Making our Marq: Social 2.0 (Part 2)

Marcel Tan
SEP Berkeley
Published in
7 min readSep 20, 2020
Photo by Prateek Katyal on Unsplash

The first part of this two-part series, Making our Marq: A New Consumer Curve, explored the concept of jumping to the next curve by changing human behaviour. This post dives into how Sohil and I are tackling misinformation through Marq (SkyDeck HotDesk S20) with the new consumer curve in mind.

√Some good

Nobody really likes the idea of throwing money at a problem. It sounds foolish to resort to money as a solution when other avenues may exist. If not for practical reasons, then at the very least for the reason that money is supposedly the root of all evil.

There are, of course, special exceptions. The U.S. government had to throw an enormous amount of money at the economy in 2008 with the $431 billion TARP bailout¹ and now again in 2020 with the $2 trillion CARES stimulus package.² One could easily argue that such cases were justified by the threat of imminent collapse of the banking and SME ecosystem respectively.

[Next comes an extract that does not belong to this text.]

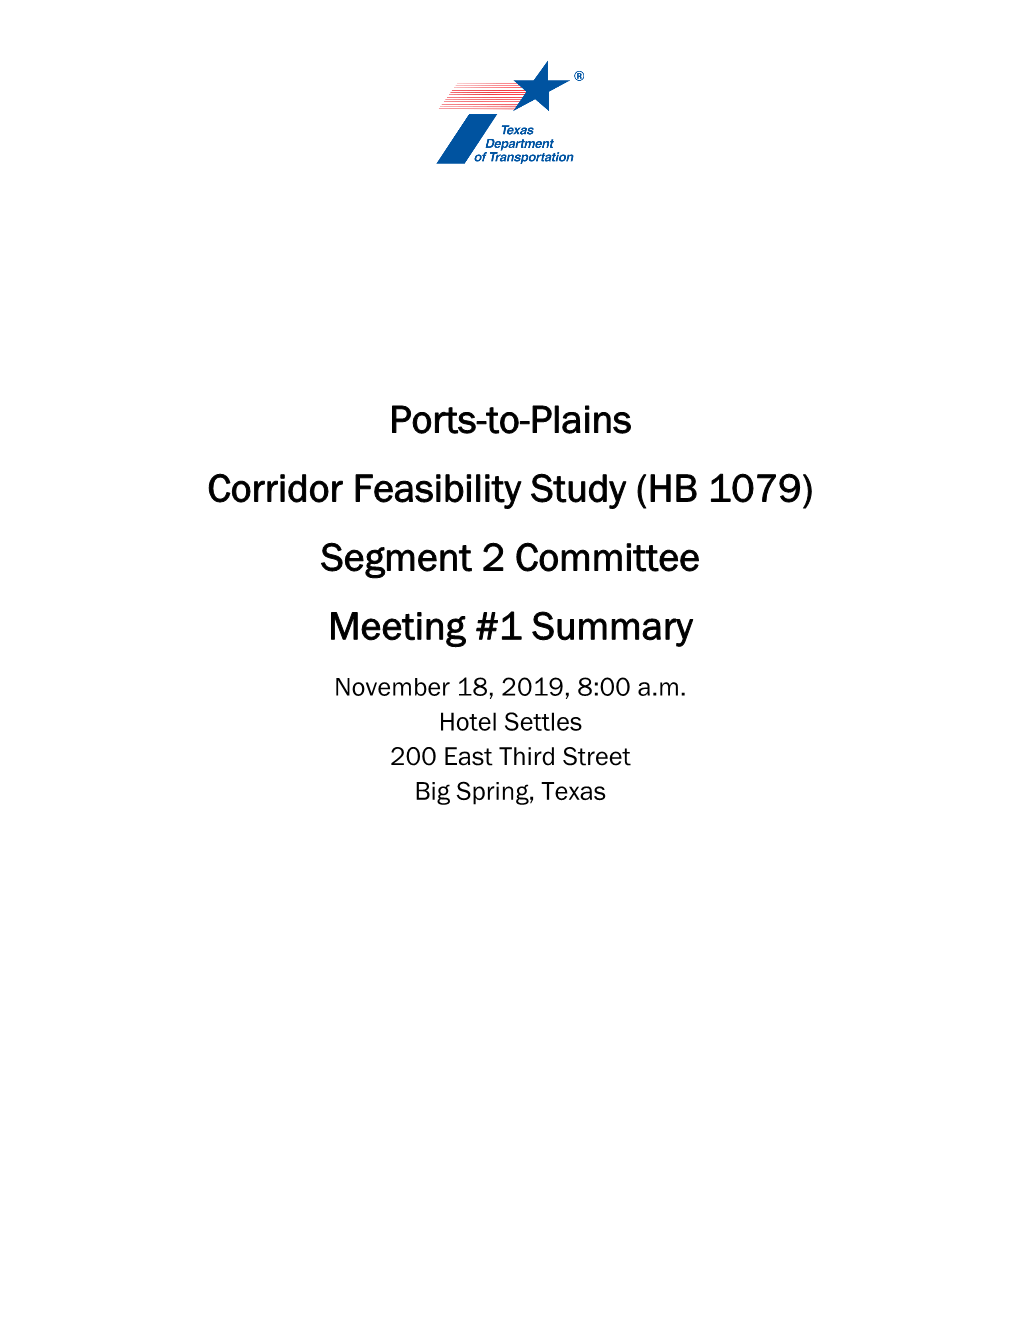 Ports-To-Plains Corridor Feasibility Study (HB 1079) Segment 2 Committee Meeting #1 Summary November 18, 2019, 8:00 A.M

When it comes to softer and less catastrophic situations (like making humans behave better), however, throwing money at the problem sounds especially wrong. It immediately conjures up images of wealthy kingmakers “buying democracy” and of negligent NGOs disbursing aid money into the hands of corrupt bureaucrats.

So you just shouldn’t, that’s the “rule.”

With that said, making the leap to social media 2.0 — a new consumer curve — may involve breaking the “rule” for all the right reasons. Here’s our story on making money the root of some good.

Photo by Eden Rushing on Unsplash

The impetus

I had never written a line of code before coming to Berkeley. It didn’t even cross my mind that the term “Computer Science” was a major until college application season rolled around.

Instead, I was a history nerd all throughout primary and secondary education. In primary school, I was particularly fond of playing the historical real-time strategy game, Age of Empires. Then in middle school, I became enraptured by Europe’s transition from the medieval period to the Renaissance era (Da Vinci is still up there on my power rankings). By the time I got to high school, I was weirdly fascinated by World War II military strategy. I spent a chunk of time researching and writing about Operation Torch, the pivotal yet overlooked Anglo-American invasion of North Africa.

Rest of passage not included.